Abstract

Alzheimer’s disease (AD), known as one of the most common cause of dementia, could lead to memory loss, difficulty with thinking and behavioral changes. To date, AD has been continuously regarded as an incurative disease of the aged and therefore as a big challenge for clinical neurology both in the therapy and prevention, which brings about heavy burden to not only the patients and their family, but also the society. In this review, it has been proposed a new strategy that would be synthetically implemented for the prevention and even partial restoration of AD clinically, in which multiple micronutrients, combined with diet and lifestyle adjustment, were used for AD patients and people who already had the pro-phase symptoms. Based on these notions, evidence and beneficial methods are put forward. It is promising to install a better and more efficacious AD administrative system, with aim to reduce the incidence rate and elevate the life quality of AD patients in a sooner future.

Keywords

Combining therapeutic strategies, micronutrients, lifestyle adjustment, alzheimer’s disease, therapy, restoration

1. Introduction

Alzheimer’s disease (AD), as one of the most common cause of dementia, is characterized by the senile plaque and neurofibrillary tangles (NFTs) mainly formed and deposited in the hippocampal area of AD patients. Individuals, who are 65 years or older, have higher and higher risk of developing this neurodegenerative disease due to the coming of aging society worldwide. Distinctive manifestations including progressive cognitive, learning and memory disorders occur in typical AD patients, accompanied with other neurological and/or mental symptoms, such as weakness, depression, etc.

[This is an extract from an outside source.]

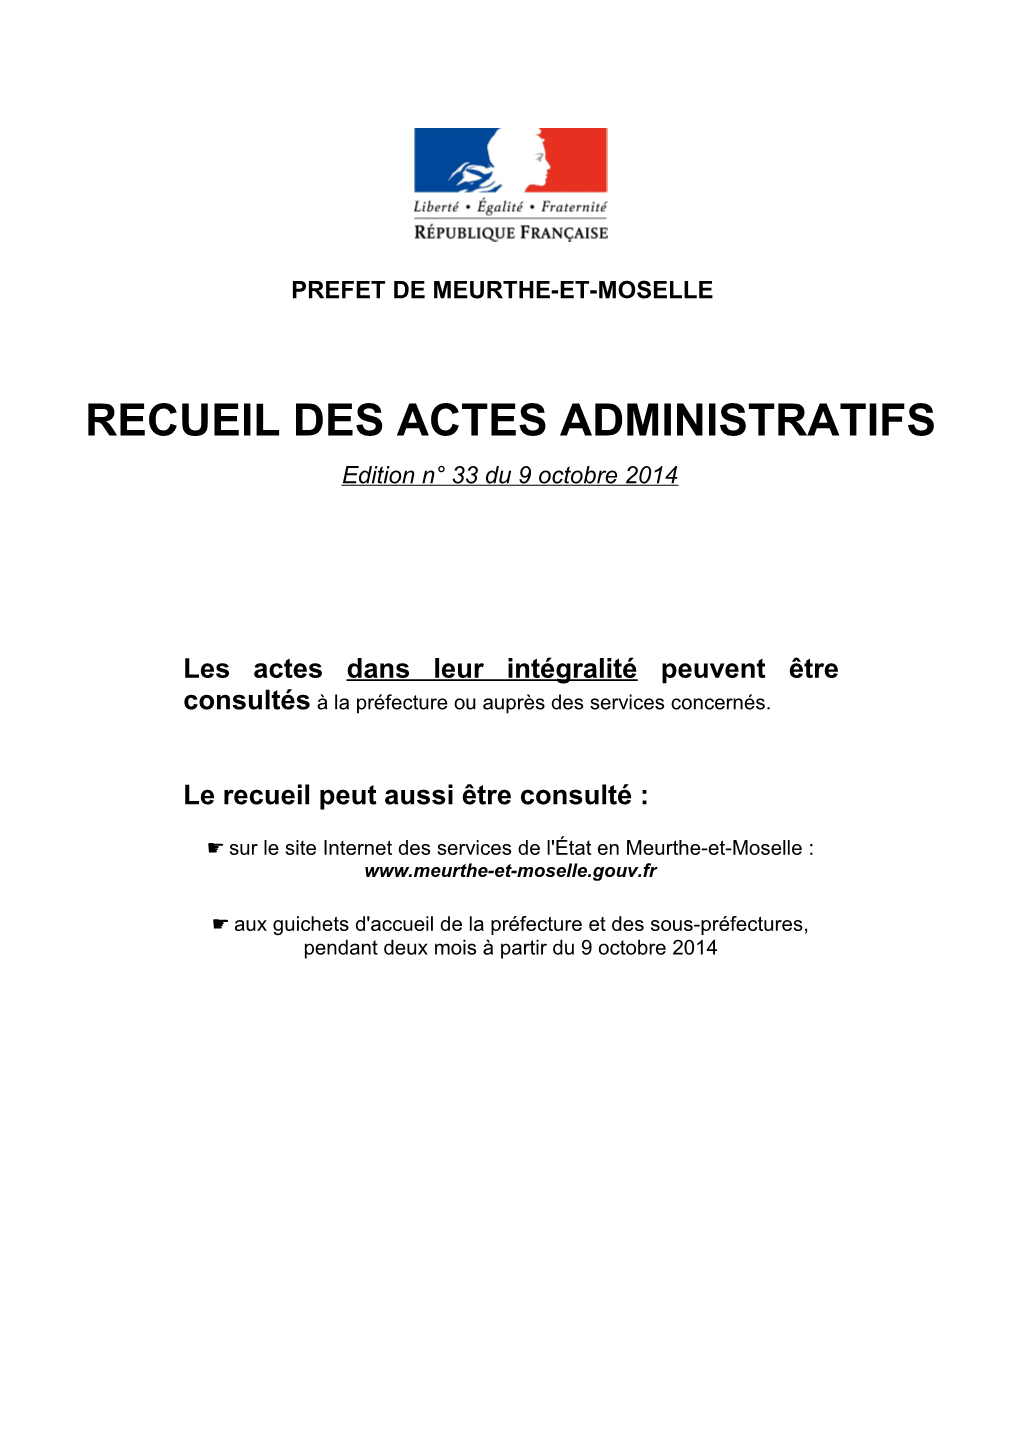 RECUEIL DES ACTES ADMINISTRATIFS Edition N° 33 Du 9 Octobre 2014

Until now, it is still a challenge that seems to unable to overcome to effectively reduce the incidence or the progression rate of AD, with few curative therapeutic strategies. Even so, several pathological reactions that contribute to degeneration and death of neurons in AD have been identified in last few decades, including such factors as increased oxidative stress, chronic inflammation, Aβ1-42 peptides generated from the cleavage of amyloid precursor protein (APP), high cholesterol levels, etc., which currently attract more and more attention and become key target factors that are attached importance to AD in both experimental researches and clinical trials.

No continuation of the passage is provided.